Improvement in energy consumption and operational stability of electrolyte-gated synapse transistors using atomic-layer-deposited HfO2 thin films

Electrolyte-gated transistors (EGTs) are promising candidates for artificial synaptic devices, due to lower energy consumption by forming the electric double layer to modulate the channel conductance. In this work, we propose a three-terminal artificial synapse transistor employing HfO2 electrolyte-gate insulator (EGI). The inorganic HfO2 thin film with high dielectric constant was chosen as a good candidate of an EGI to improve the operational stability and energy consumption for the synapse transistor.

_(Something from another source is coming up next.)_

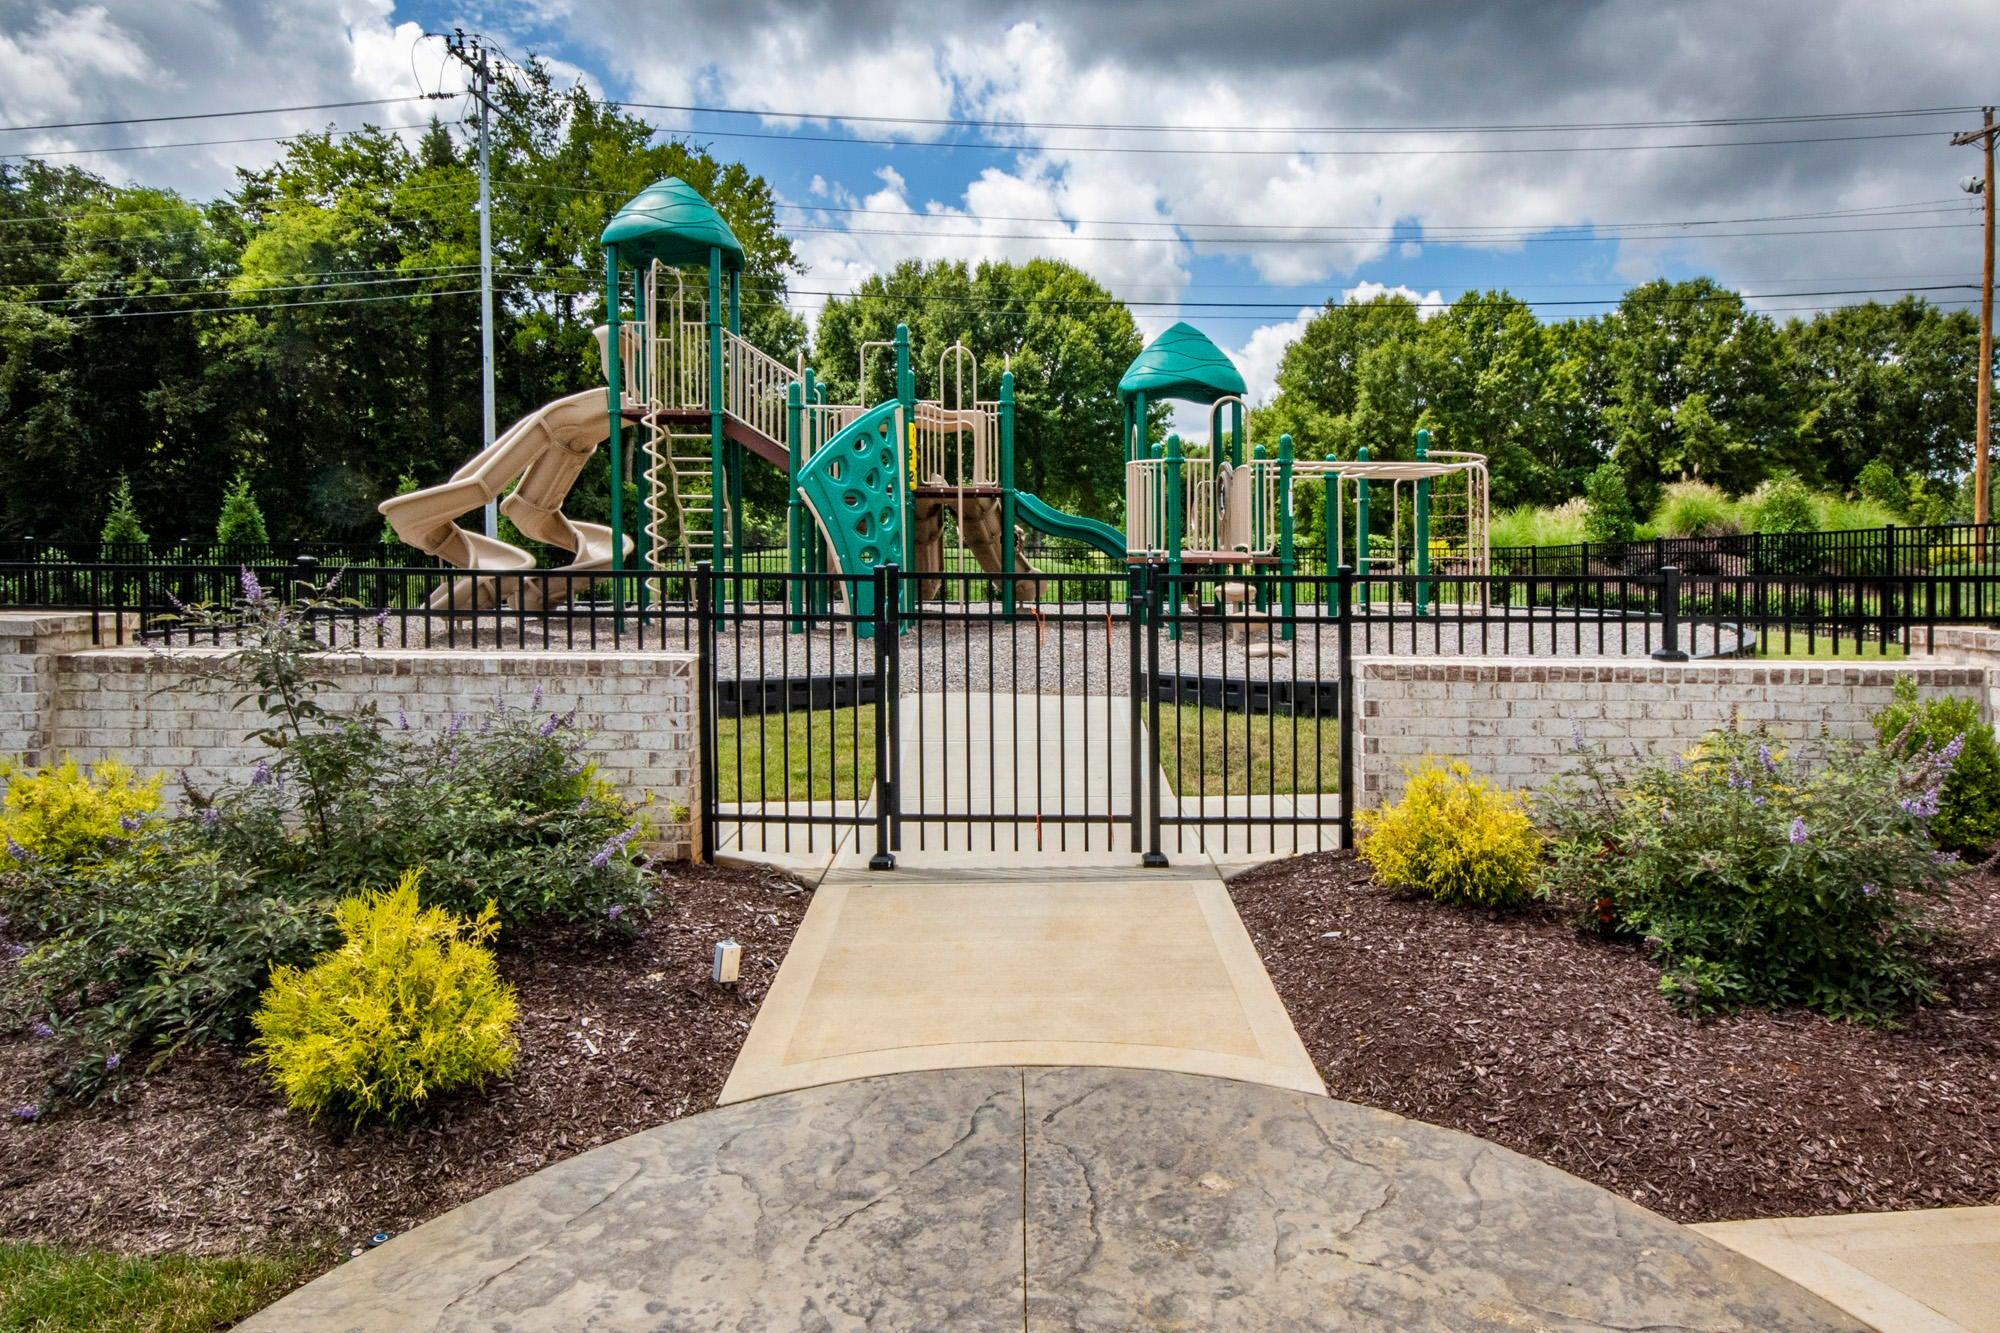 Brookmere community play area
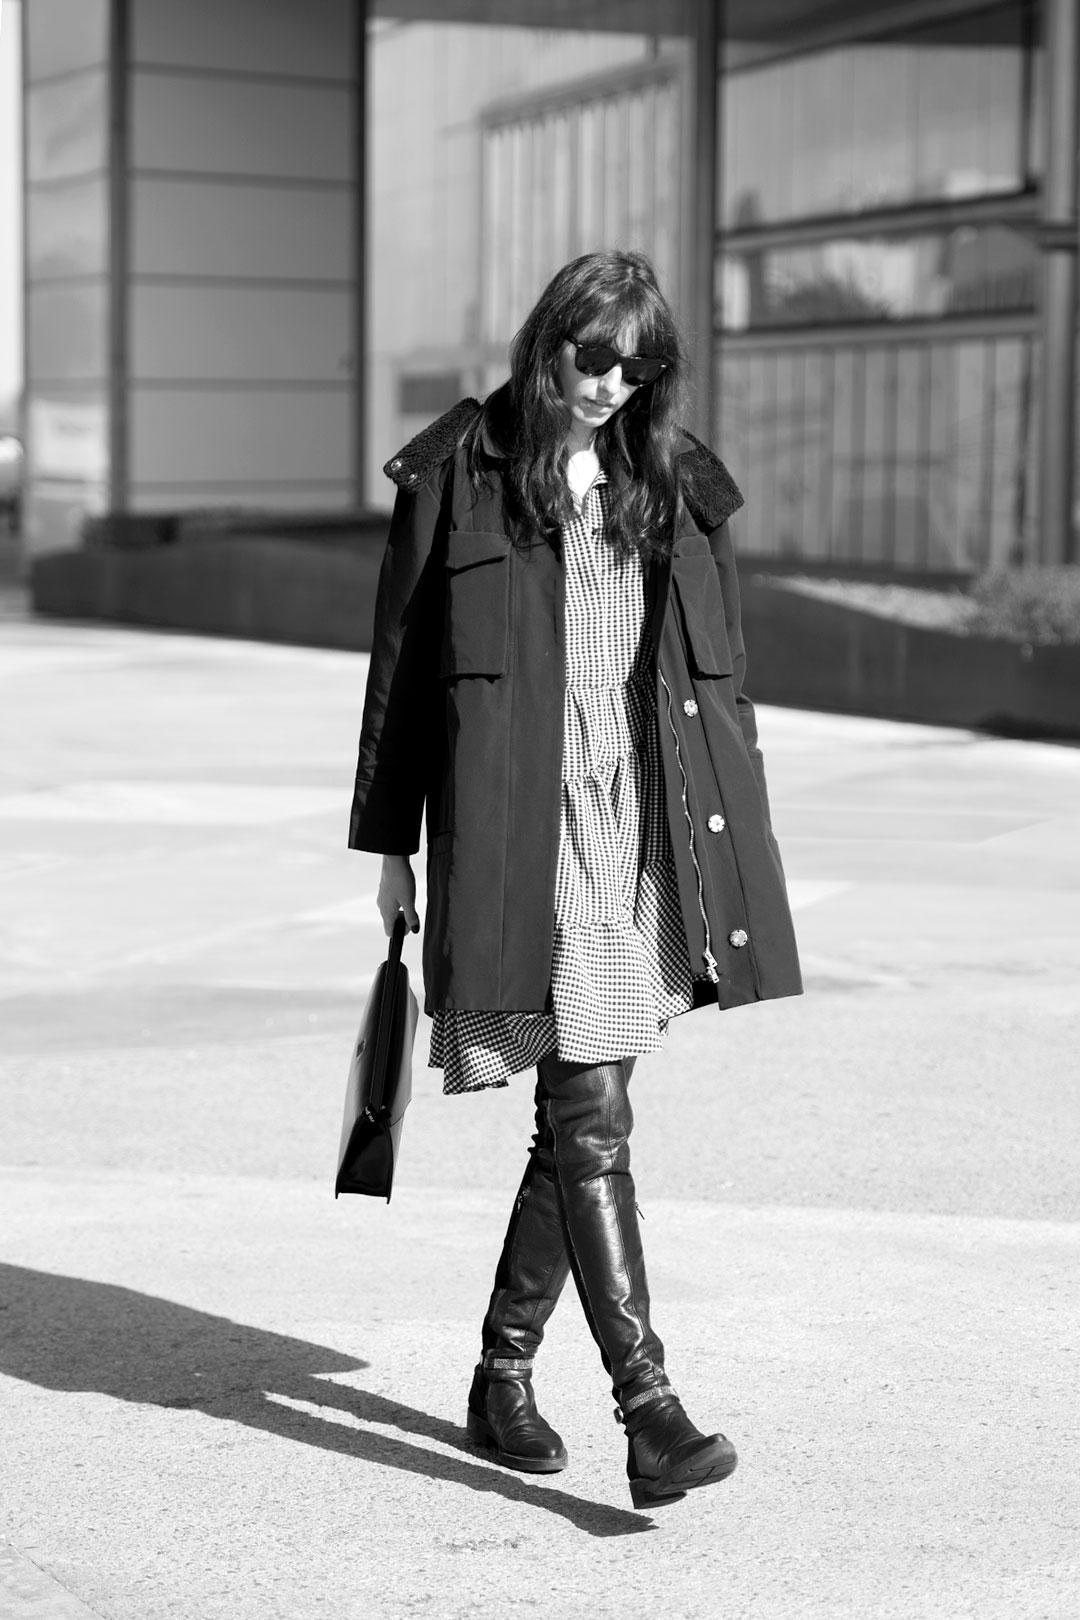 mbfwm-black-and-white-street-style-mitmeblog-bn-web-01

Mobile hydrogen ions incorporated in the HfO2 EGI were revealed to be generated during the ALD process at a temperature as low as 100 °C. The synaptic plasticity of the fabricated synapse transistor could be gradually modulated by the movement of mobile ions in the EGI, which were examined to be dependent on the applied pulse conditions. The fabricated synapse transistor emulated biological synaptic functions, including excitatory/inhibitory post-synaptic current (EPSC/IPSC) and paired-pulse facilitation/depression (PPF/PPD). Furthermore, by controlling the pulse spike conditions, the conversion from short-term plasticity (STP) to long-term plasticity (LTP) was successfully verified. The LTP characteristics were demonstrated to be far enhanced with the EGI film thickness by means of magnifying the amounts of incorporated mobile ions. In addition, the long-term reliability and operational repeatability of the fabricated synapse transistor were well verified thanks to the choice of HfO2 EGI. The energy consumption required for single spike event was estimated to be a value as low as 0.26 pJ, thus demonstrating considerable potential as an artificial synapse device.